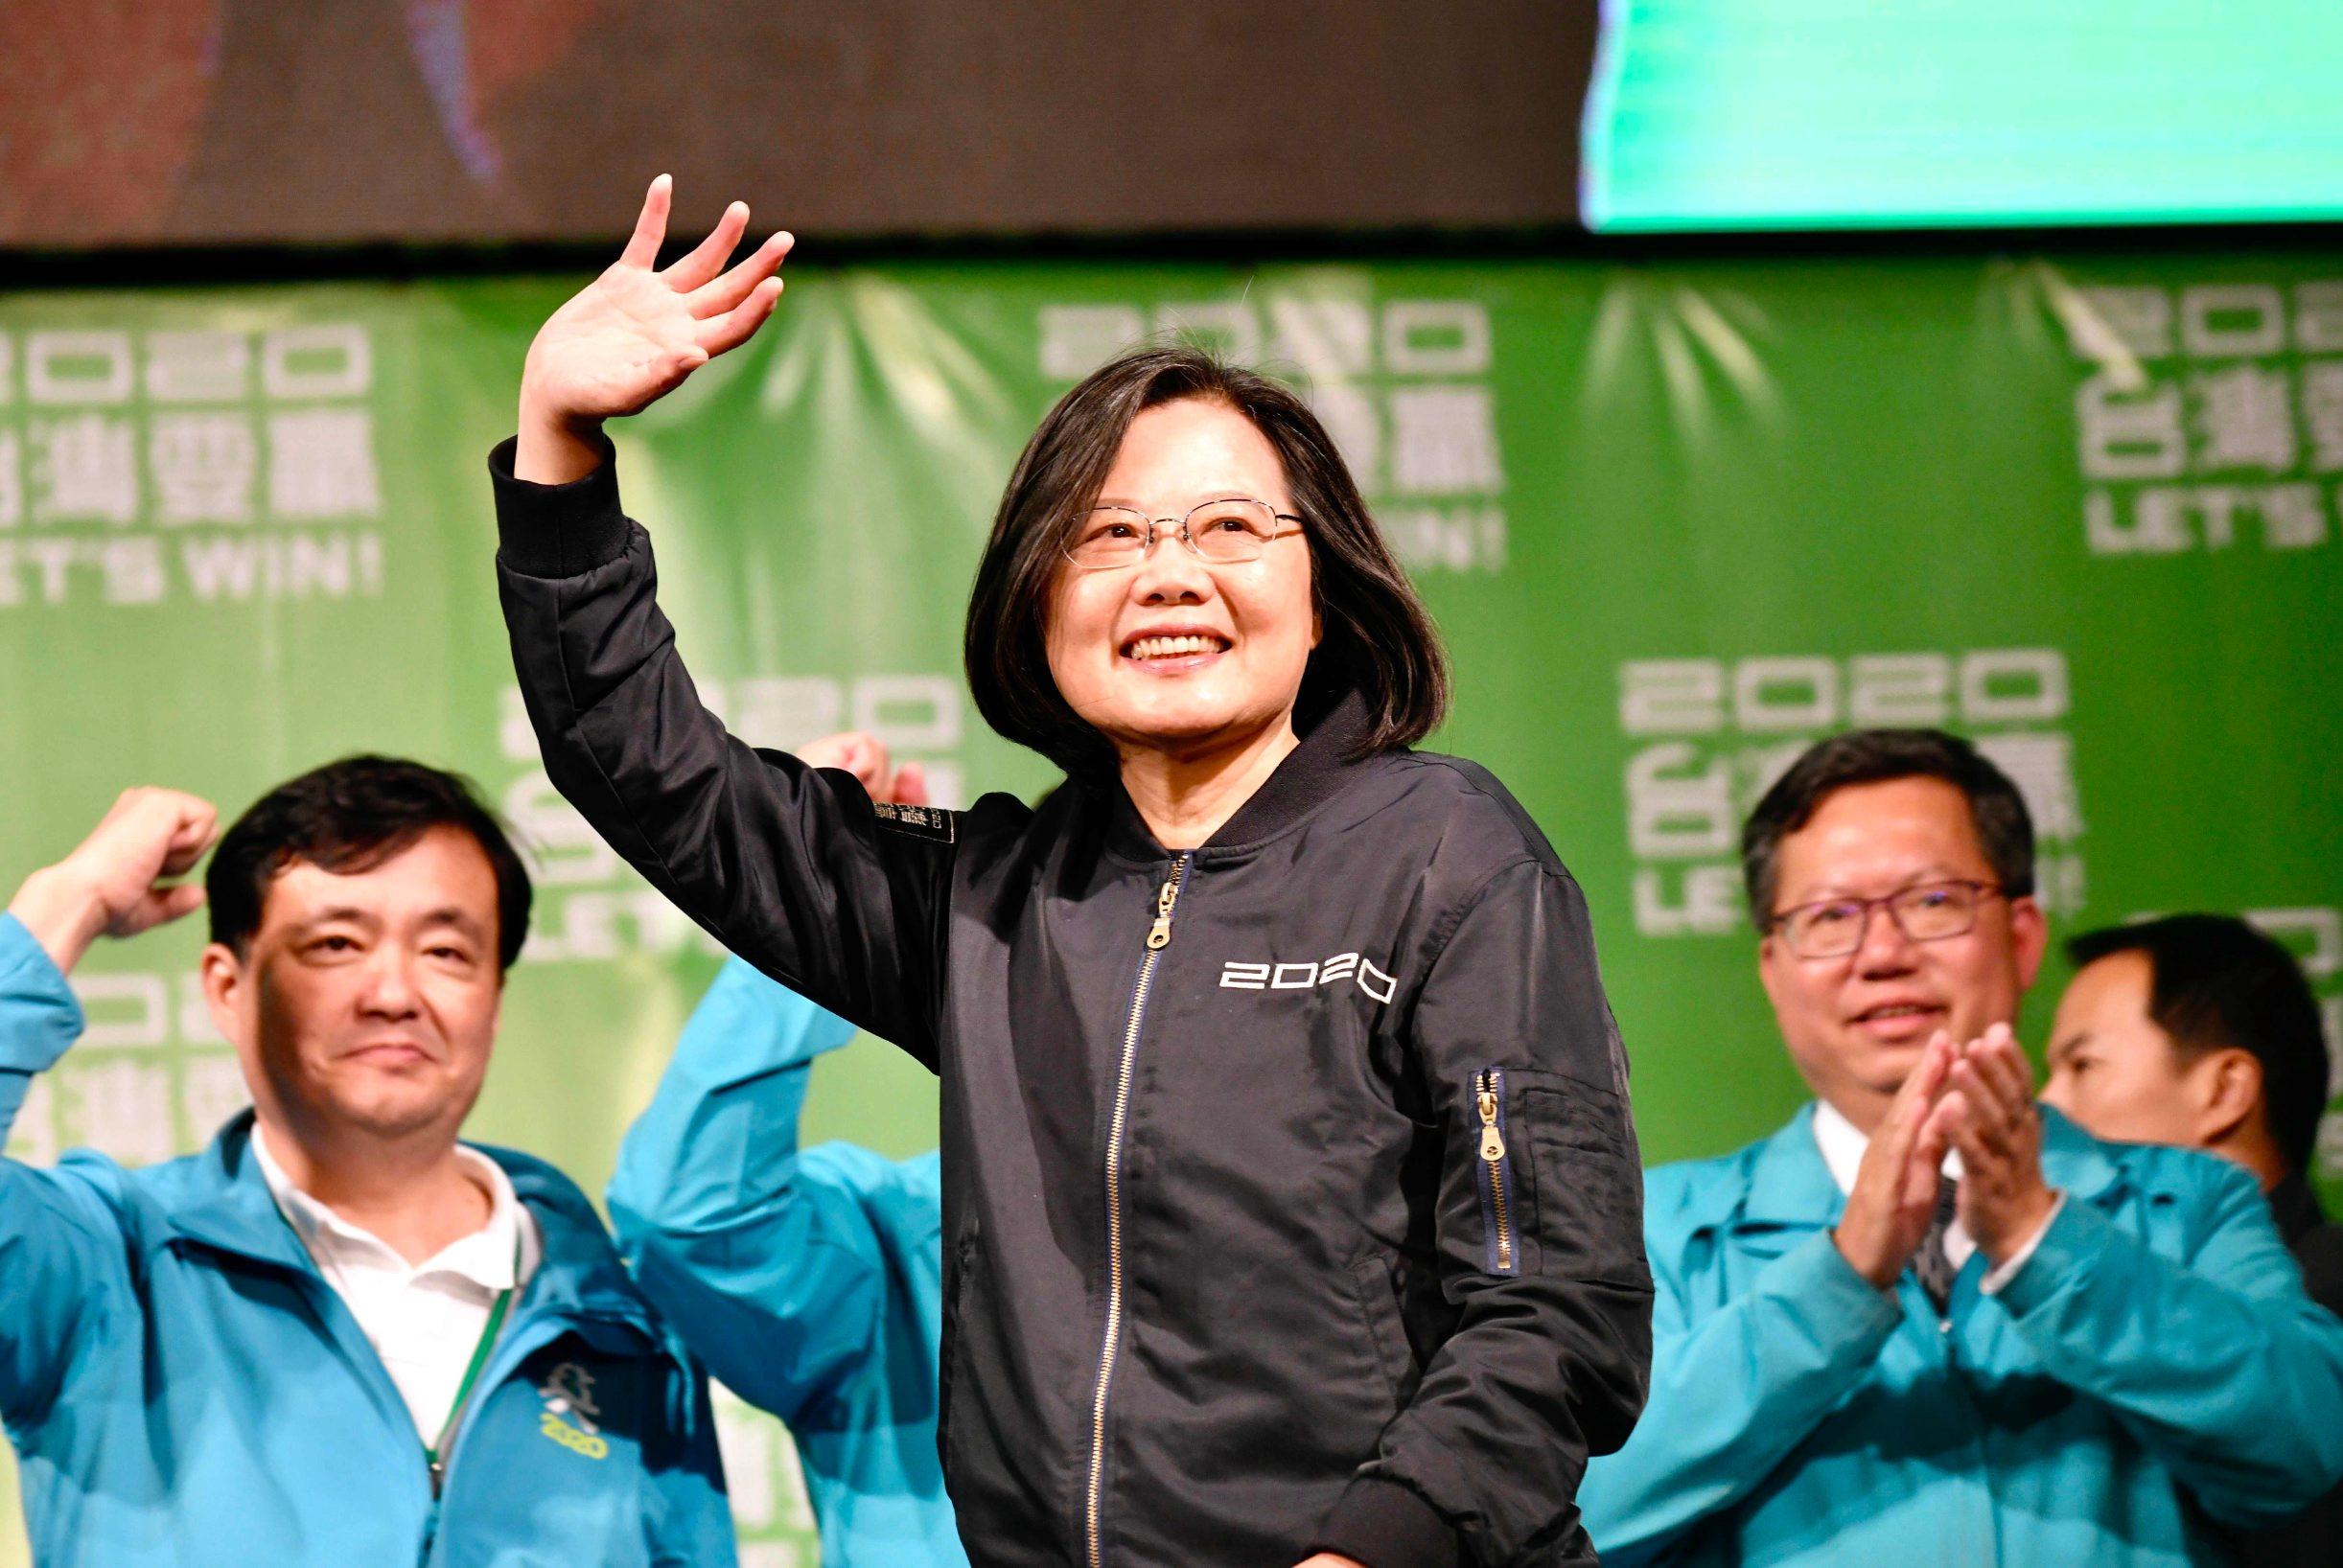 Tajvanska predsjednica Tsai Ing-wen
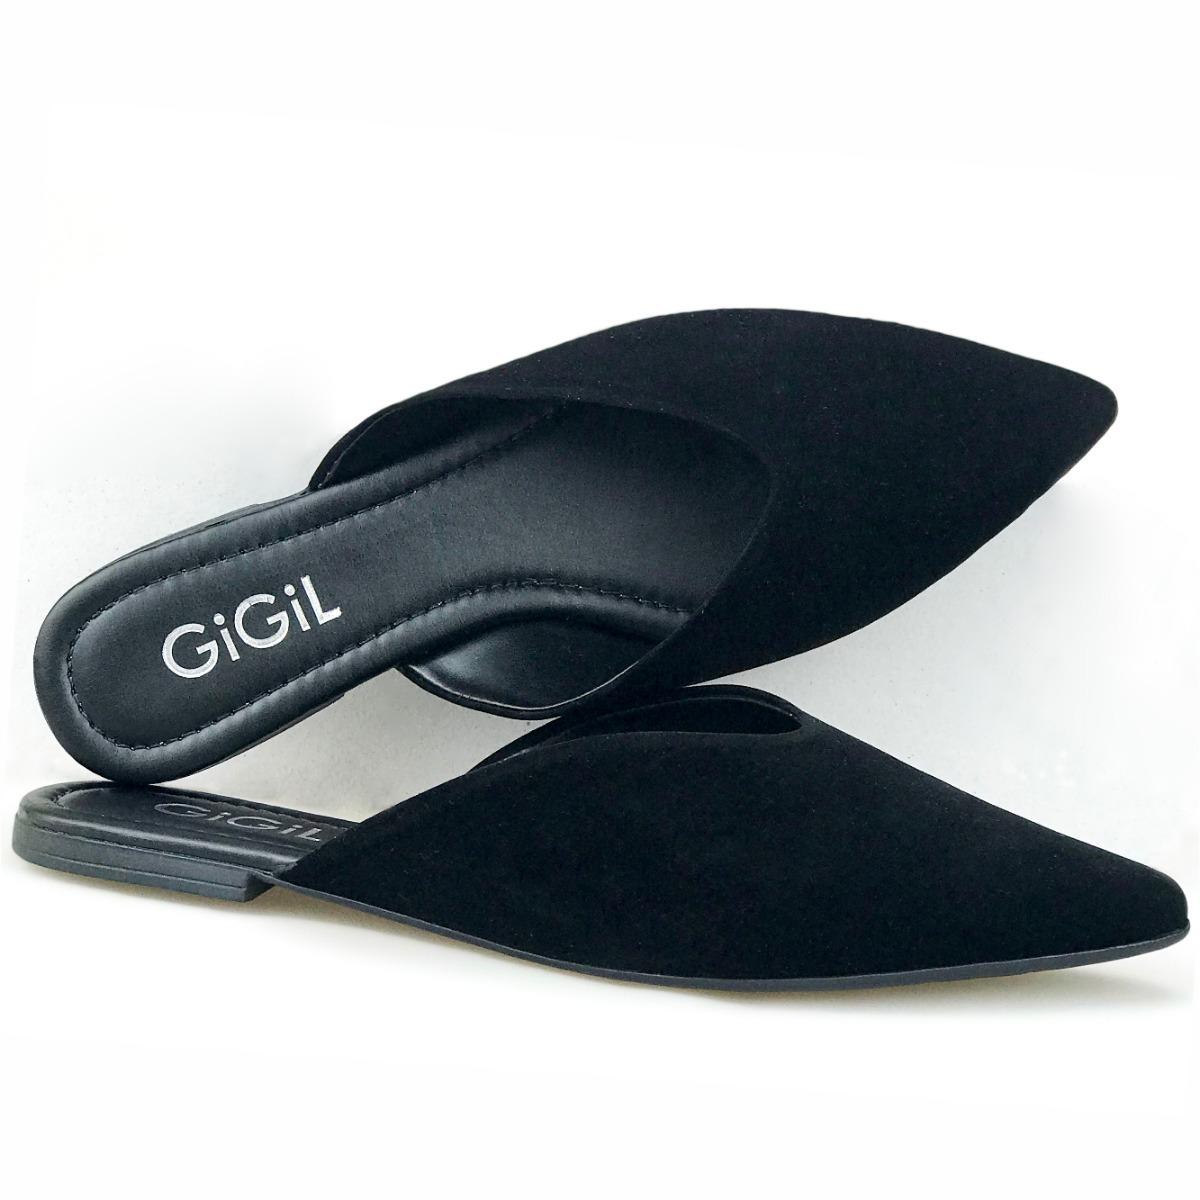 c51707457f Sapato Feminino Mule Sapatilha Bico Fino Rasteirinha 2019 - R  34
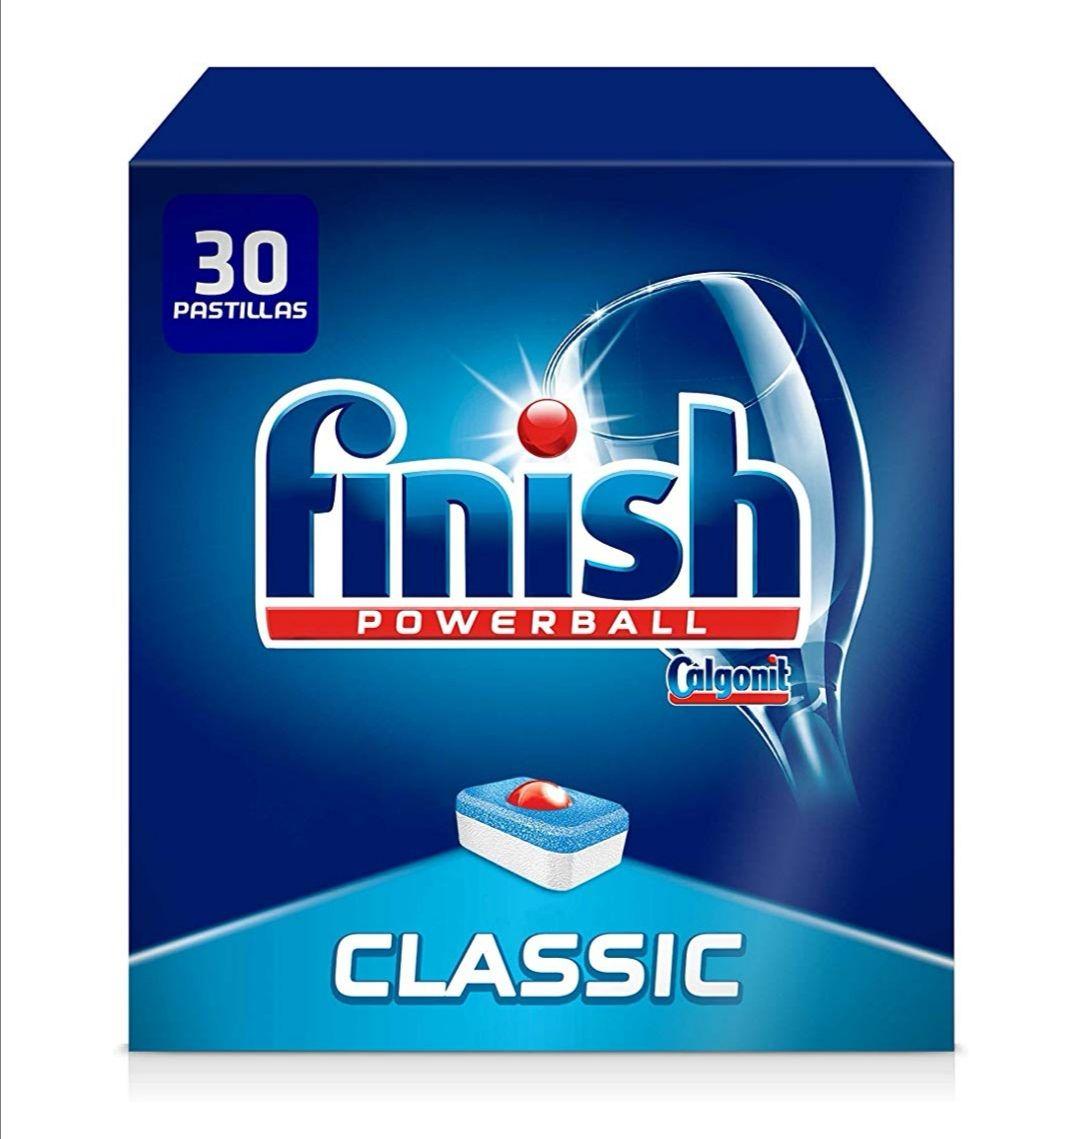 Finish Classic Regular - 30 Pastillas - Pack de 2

## About this exercise
Copy exactly, please, the lines that run from the line holding "c51707457f Sapato Feminino" through the closing line of the material above, omitting every picture.

## Written reply
 c51707457f Sapato Feminino Mule Sapatilha Bico Fino Rasteirinha 2019 - R  34
 Finish Classic Regular - 30 Pastillas - Pack de 2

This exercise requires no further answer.